I am delighted to host Pastor Zamora at Caffeinated Thoughts. Pastor Zamora is a missionary with 25 years of experience planting churches in Peru, Ecuador, and Chile. He is currently establishing an institute in Peru to train Latin Americans to be missionaries as well. He’s also the author of Walking Man: A Modern Missions Experience in Latin America.
By Narciso Zamora
I would like to share with you a little about a subject that I am often sensitive about, though I’m not sure there is any reason I should be. In my debut book, Walking Man: A Modern Missions Experience in Latin America, I dedicate about two chapters to my life before accepting Christ. I don’t go into a whole lot of detail, but there’s no doubt in the reader’s mind that I was a delinquent. For a short but sad era, I made my living from my dull wits and nothing better occurred to me than to steal and cheat my way into a meal and a place to stay.
I sometimes feel ashamed of this past, but I have seen over and over again how God has used my past to help me relate to young people today who need to be saved from a life of delinquency.

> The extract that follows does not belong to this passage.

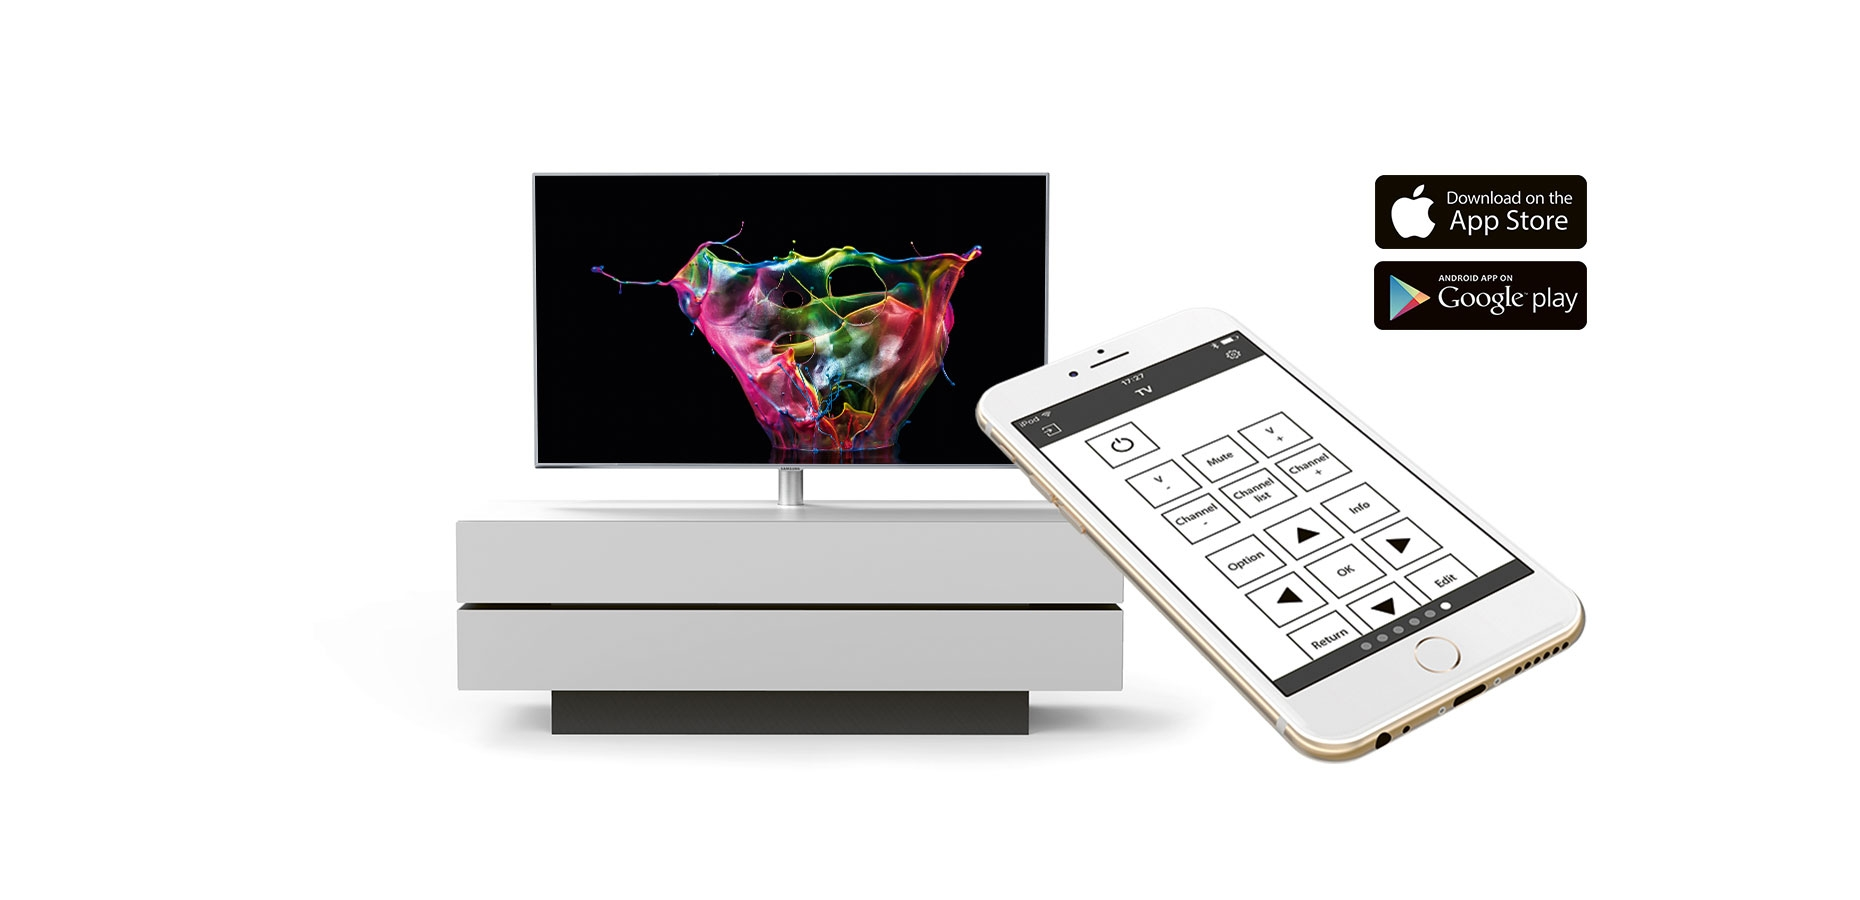 spectra-smart-control

I wonder often if people I meet could know what I used to be and if it would hurt my ministry. And for those who have or will read Walking Man, will a shadow of doubt be left in their minds about the kind of person I am? After all, can a leopard change his spots?
Well, no, but Christ can change us. The Apostle Paul said, “…be transformed by the renewing of your mind” Romans 12:2. And he knew as well as any other that a total and permanent life transformation is possible, but I would assert that it rarely happens overnight. When I came to know God at that tiny church in the Amazon jungle, I know that I was immediately different although God had been working on me for some months to change my desires – even though I hadn’t accepted Christ yet. However, there was much work to be done for my life to bring glory to God.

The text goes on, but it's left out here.